Lorsque moi, l’année dernière travaillant seule, parfois je prends des libertés avec ma progression, je vais mettre ça de côté, je vais m’assurer qu’une notion est bien comprise par ce groupe d’élèves, Ce qui n’empêche pas de prendre des libertés avec la progression mais en en discutant collectivement. Là ils n’ont pas du tout compris ça, on stop. Par exemple là on a fait le choix, ce n’était pas prévu, mais là les 15 derniers jours on stoppe, on ne fait rien de nouveau, on fait que des révisions car ils sont fatigués, et cela c’était pas prévu en septembre. Mais c’est un constat que l’on a fait dans les trois classes, on était d’accord. (E13)

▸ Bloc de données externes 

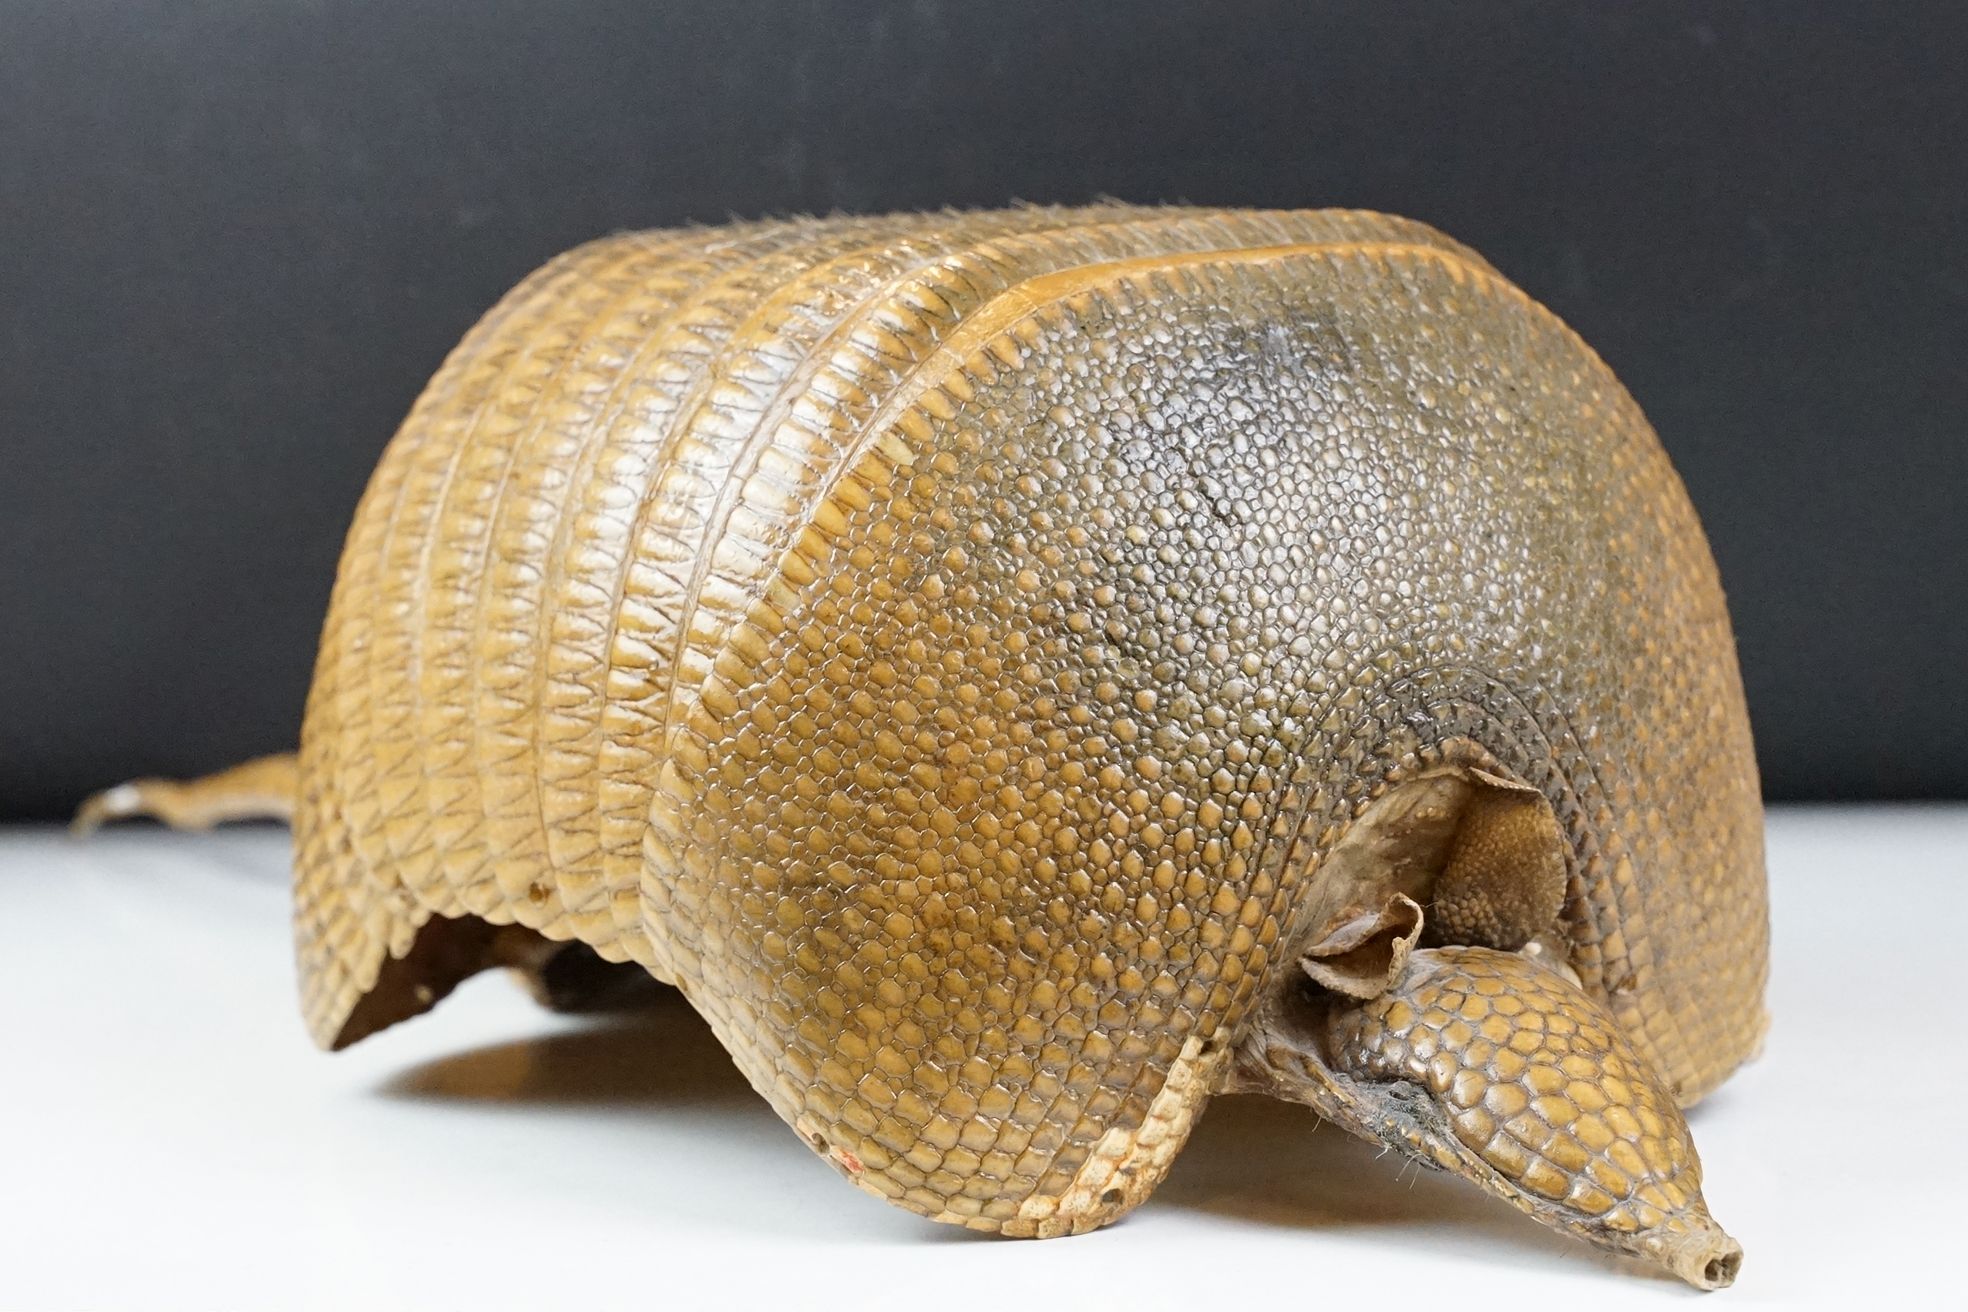 Taxidermy - A taxidermy armadillo shell, approx 68cm long
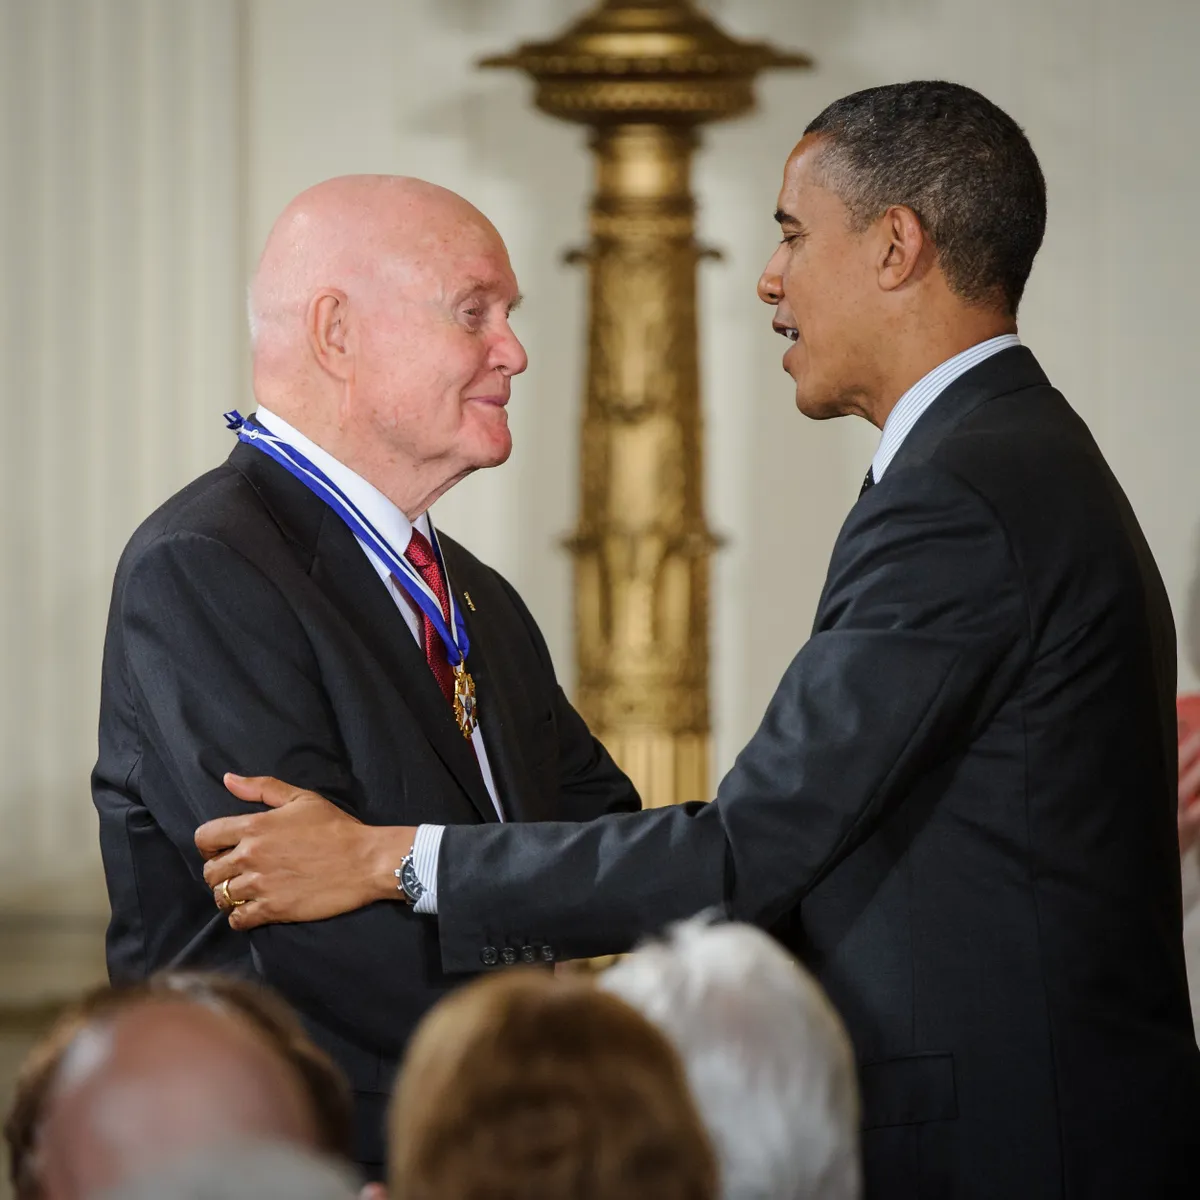 President Barack Obama presents John Glenn with the Presidential Medal of Freedom, 29 May 2012. (Credit: NASA/Bill Ingalls)

Car moi au début, j’avais 2 groupes de lecture, on en a parlé et on a fait trois groupes après on a commencé en faisant des groupes hétérogènes puis des groupes homogènes, 2 groupes, puis 3. Voilà on affine au fur et à mesure. (E14).

Nos deux collègues de CE1 préparent leurs semaines ensemble. Elles font les mêmes séances aux mêmes moments. Ça je ne peux pas le faire.

Q/ vous pensez que vous perdriez la latitude de changement ?

Oui et surtout je ne serais pas moi, je me sentirais contrainte et j’ai pas envie de me sentir contrainte. J’ai besoin de liberté et puis de sentir que, chaque classe est différente, sentir comment les élèves peuvent ressentir. (E22)

Nous avons vu dans cette partie de notre thèse que les relations interpersonnelles mises en place au niveau de l’école entre les enseignants sont un facteur important d’enclenchement de modifications de leurs pratiques professionnelles. Cette modalité de travail appartient au quotidien de l’enseignant, ce qui contribue également à la rendre importante, car elle apparaît récurrente.

Nous allons maintenant analyser un autre type de relations interpersonnelles permettant à l’enseignant de modifier ses pratiques mais qui ne s’inscrit pas dans le quotidien de l’enseignant : le travail de l’inspecteur. Cette modalité de relations interpersonnelles est opposée à celle du collectif enseignant en termes de fréquence. En

effet, si le collectif enseignant est présent tous les jours dans l’environnement professionnel de l’enseignant, les interventions de l’inspecteur, extérieur à l’école – via l’inspection ou la formation – restent rares, d’une fois tous les trois à cinq ans pour les inspections et d’une à trois fois par an pour les formations, selon les modalités de mise en œuvre. Pourtant, dans l’analyse du processus des changements de pratique, nous avons fait le constat que l’inspecteur pouvait avoir un véritable impact sur le processus de construction de connaissances professionnelles.